## WHAT IS REQUIRED
Give an exact copy of the data that follows, but none of its pictures.

## COLLECTED MATERIAL
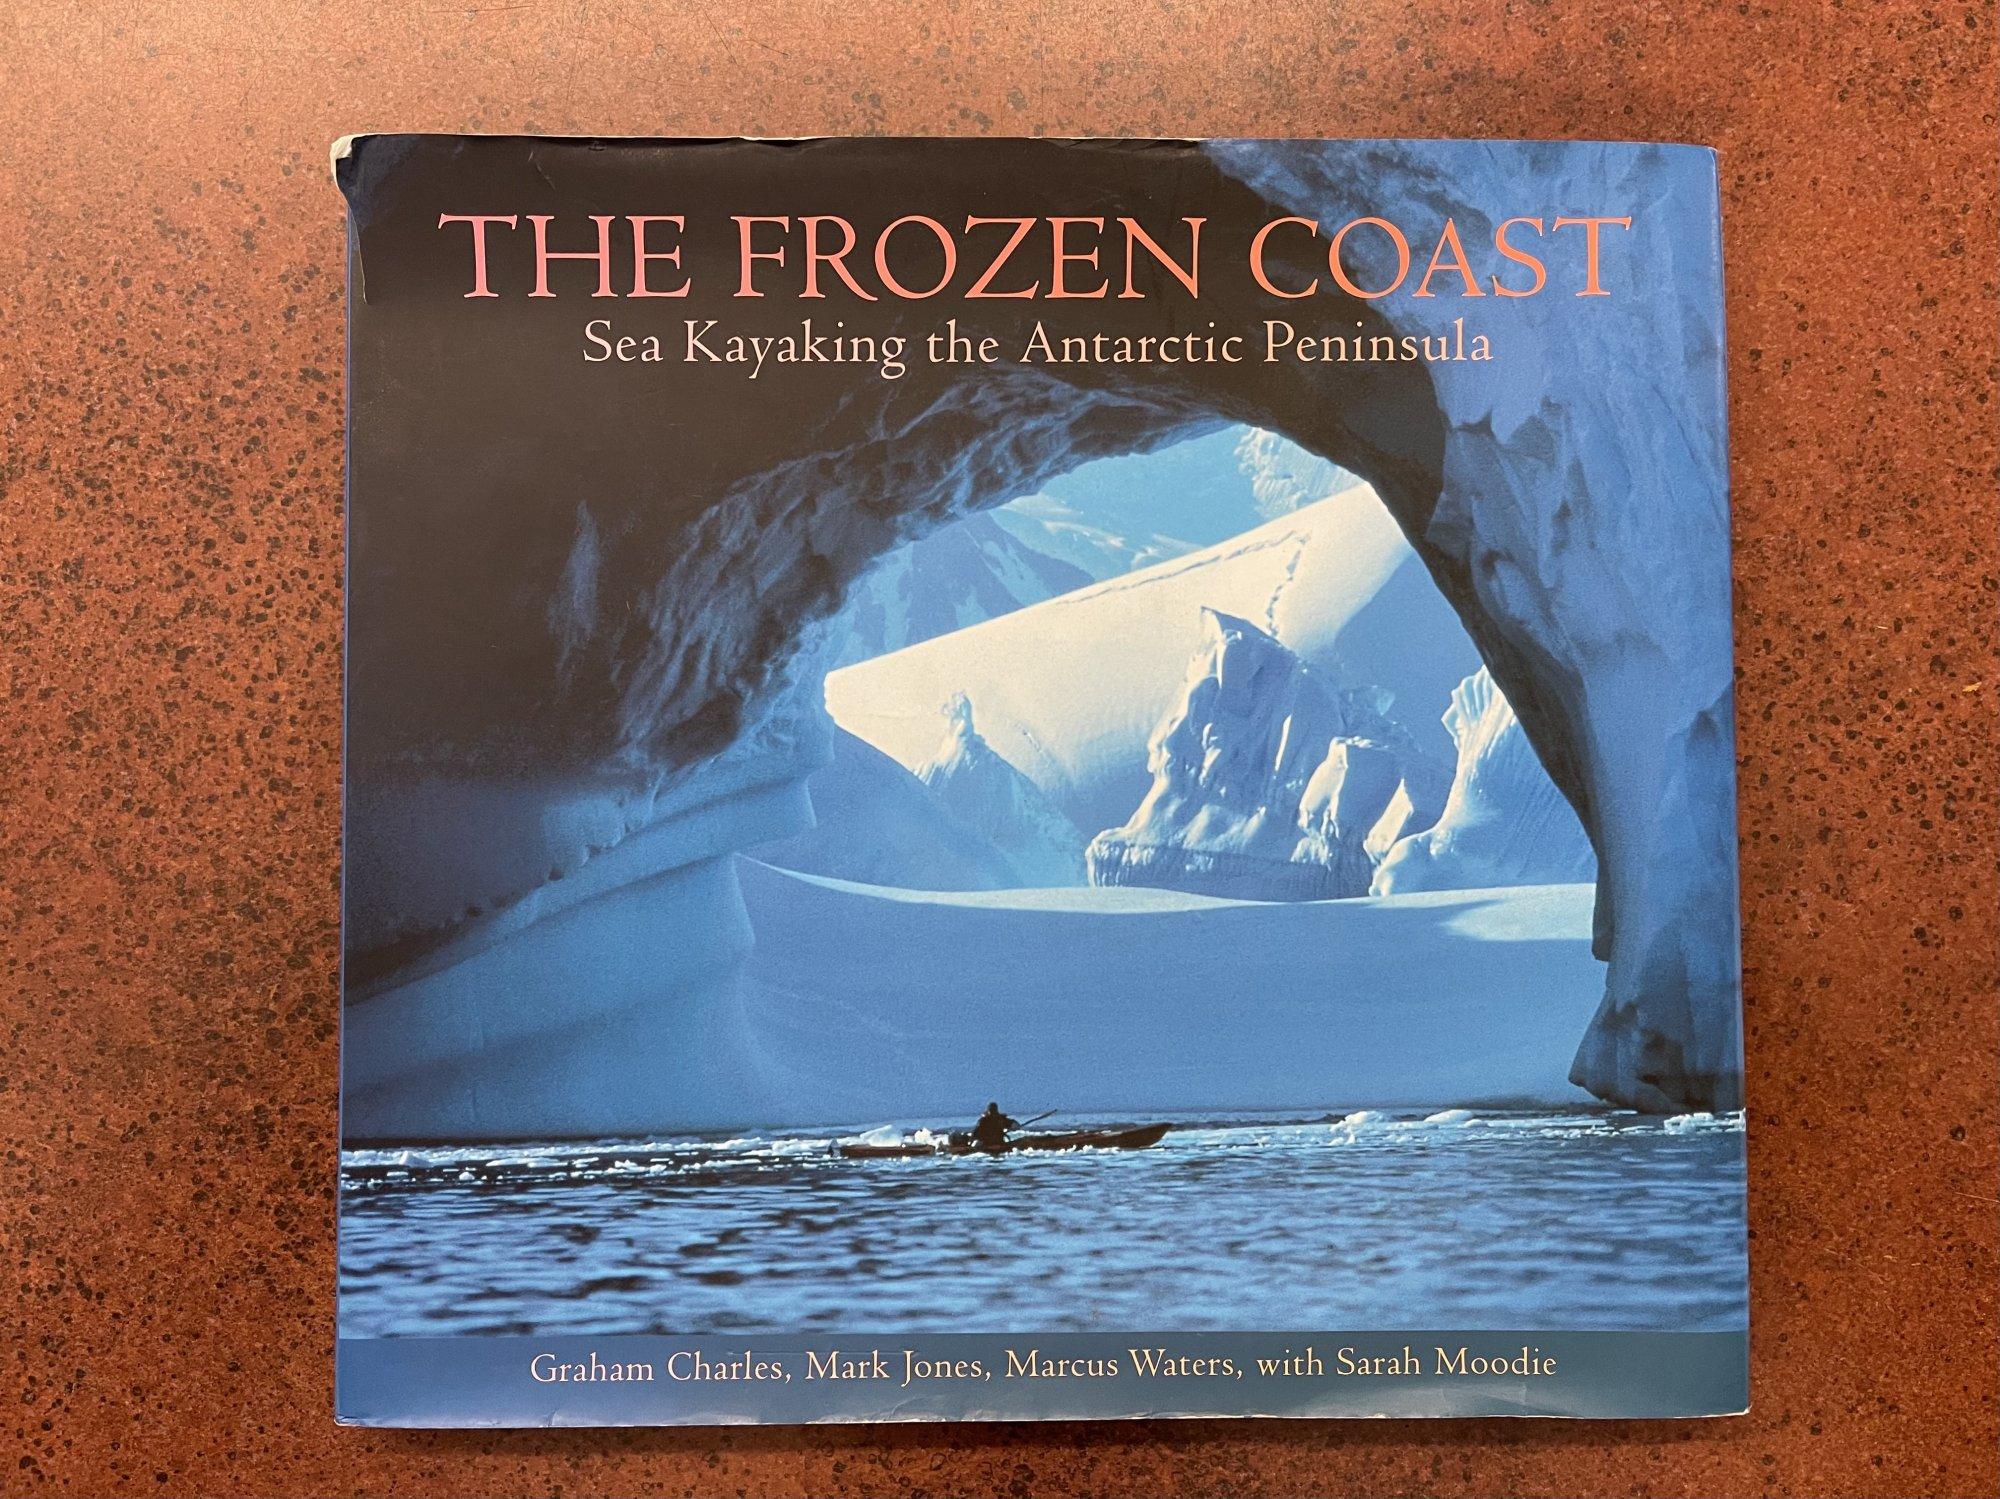 The Frozen Coast: Sea Kayaking the Antarctic Peninsula - Hardcover
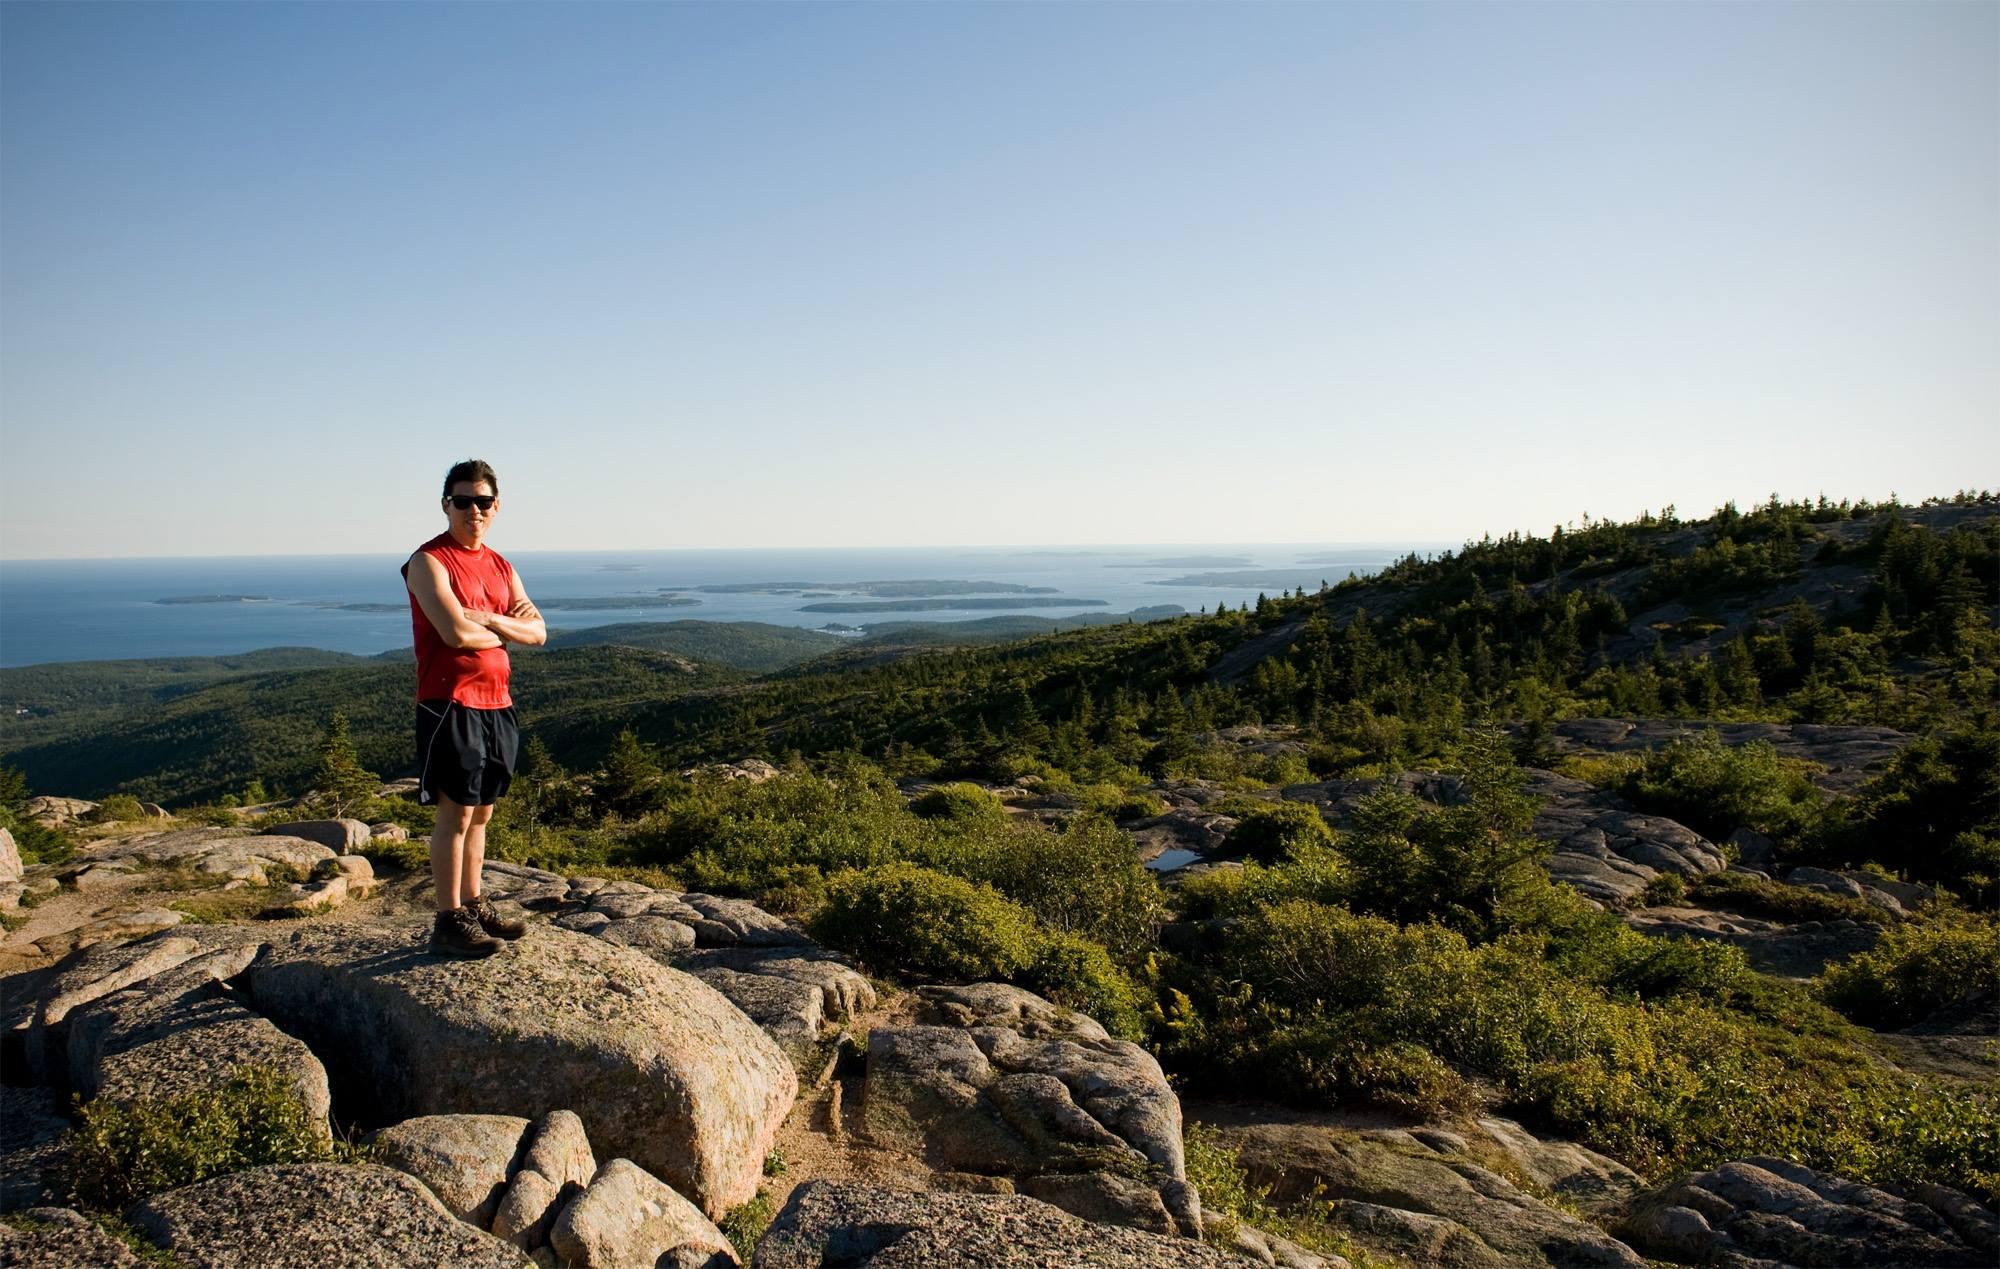 Credit cards enable worldwide travel (Acadia National Park, 2014  ©  JOEL ANG PHOTOGRAPHY)
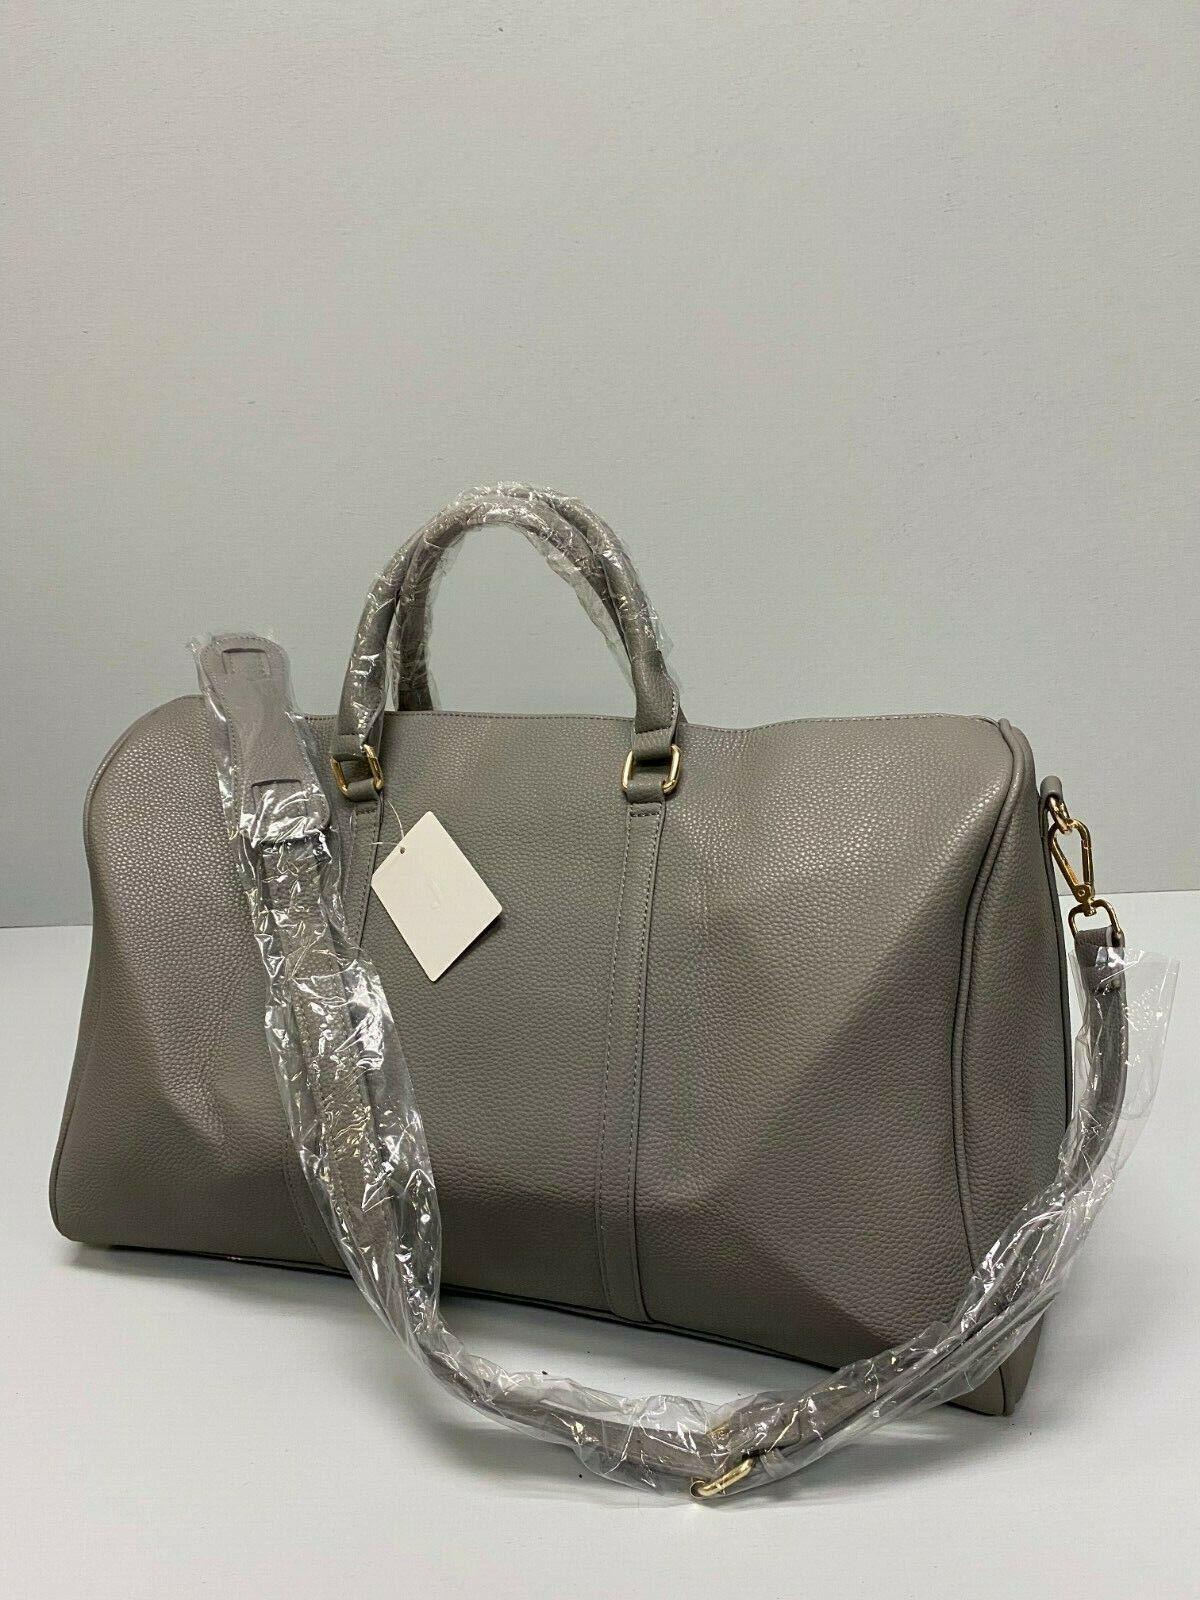 NEW Grey Faux Leather Duffel Weekender Travel Bag HD3006GY C

## OUTPUT FOR THIS EXERCISE
 The Frozen Coast: Sea Kayaking the Antarctic Peninsula - Hardcover
 Credit cards enable worldwide travel (Acadia National Park, 2014  ©  JOEL ANG PHOTOGRAPHY)
 NEW Grey Faux Leather Duffel Weekender Travel Bag HD3006GY C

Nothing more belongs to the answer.